Yesterday’s rousing rally carried the Junior Gold Miners ETF back above its 200-day moving average for the first time since November. Its price recovery has now risen high enough to reverse the 20-day and 50-day moving averages higher.

With the junior miners’ price trend now climbing on all time frames, you should view any and all price dips as buying opportunities.

The high volume accompanying Monday’s surge added legitimacy to the move. This wasn’t some weak-sauce breakout cobbled together by a few retail traders. No. It was an institutional-driven buying bonanza that is likely to continue propping up GDXJ for weeks to come.


Source: OptionsAnalytix

A Golden Trade Idea for GDXJ

While we may see some mild profit taking in the days ahead as Monday’s move is digested, the time is ripe for bullish plays for gold miners. Due to its cheaper price tag and elevated volatility levels, GDXJ is as good a candidate as any for selling naked puts.

If you’re willing to bet the fund remains above $37 over the coming month, then sell the March $37 put for 90 cents or better. The max gain of 90 cents will be captured if the put sits out of the money.

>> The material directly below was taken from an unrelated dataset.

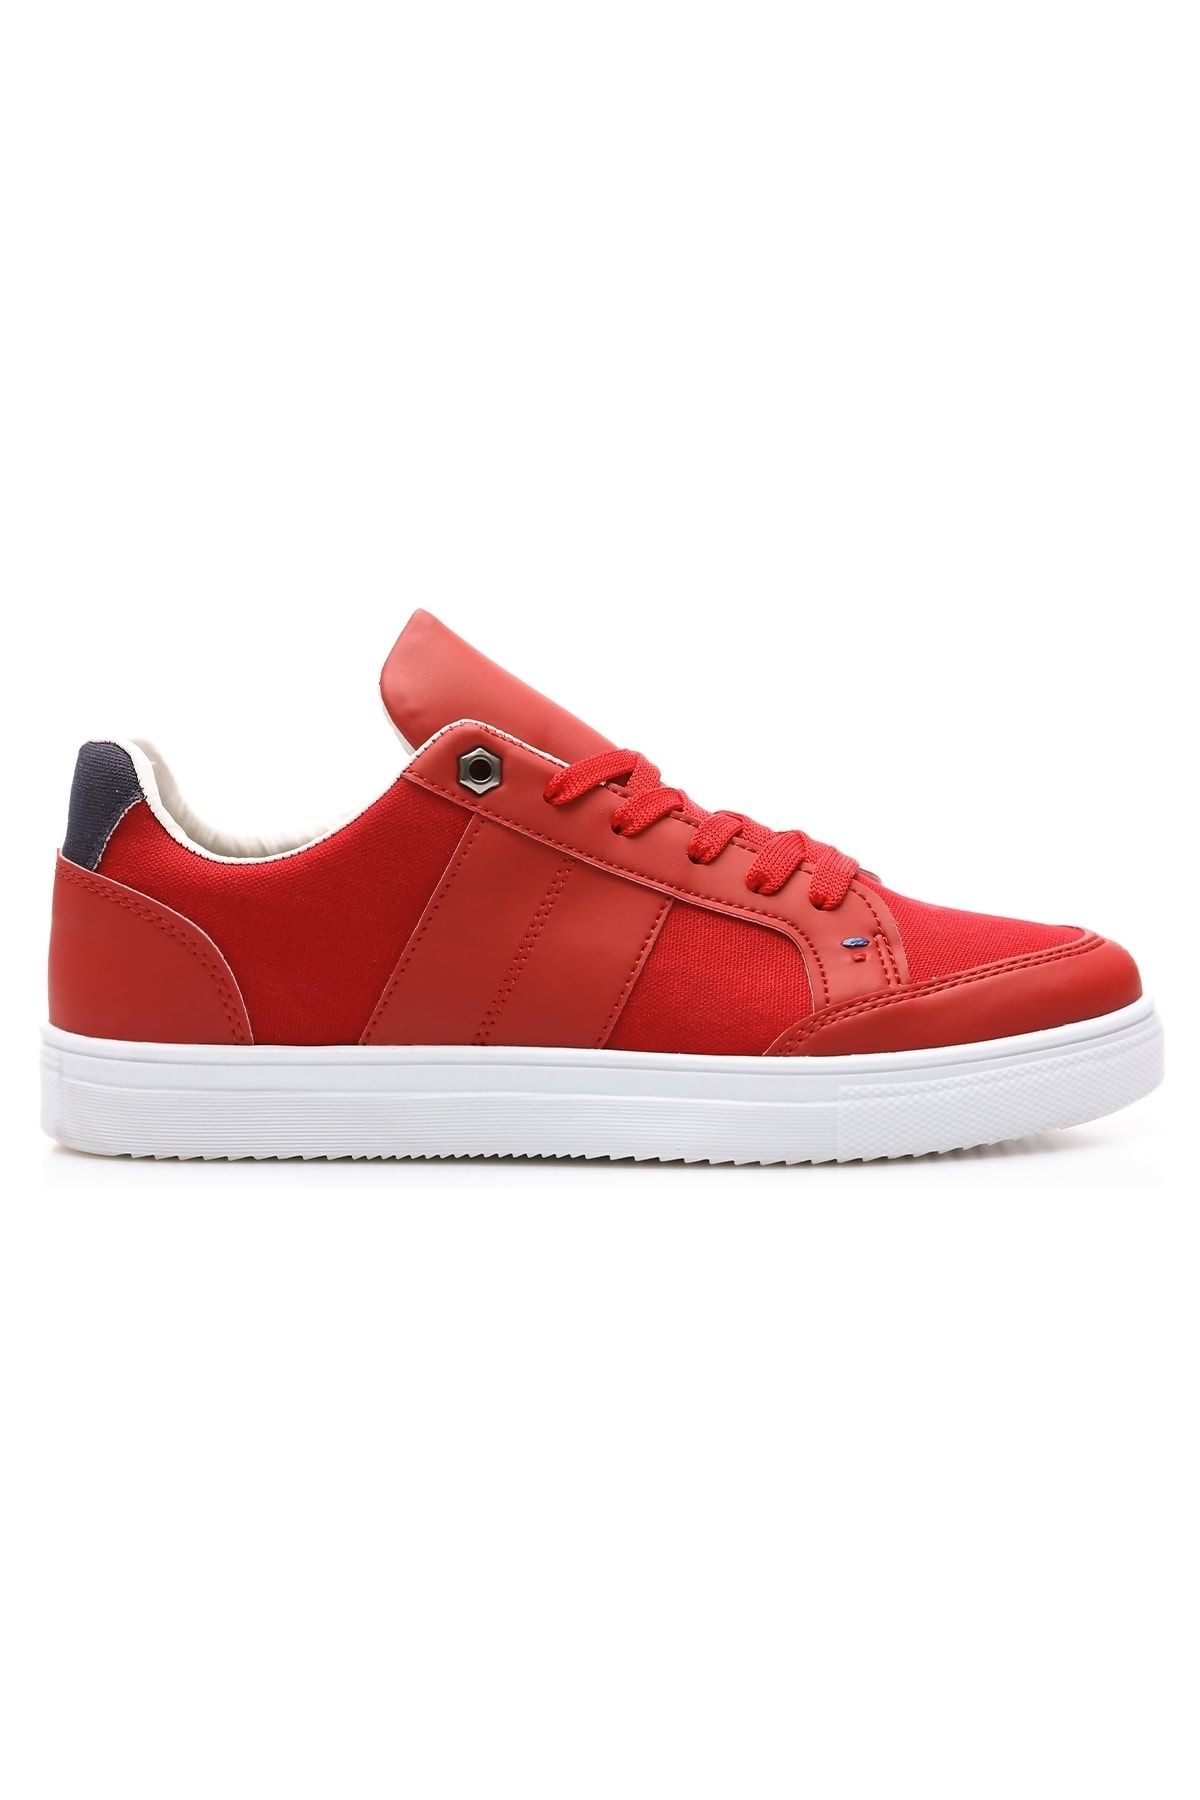 TOMMY LIFE Kırmızı Erkek Bağcıklı Suni Deri Detaylı Spor Ayakkabı-89065

By selling the put, you obligate yourself to buy 100 shares of stock if the put sits in-the-money at expiration. If you’d prefer to sidestep assignment, simply exit the trade if GDXJ falls below $37.

The $90 reward (90 cents x 100 shares) may not sound like a lot, but if you’re trading in a margin account, the initial margin should be around $350, so the return on initial investment is an impressive 26% ($90/$350).

At the time of this writing, Tyler Craig owned neutral option positions on GDXJ.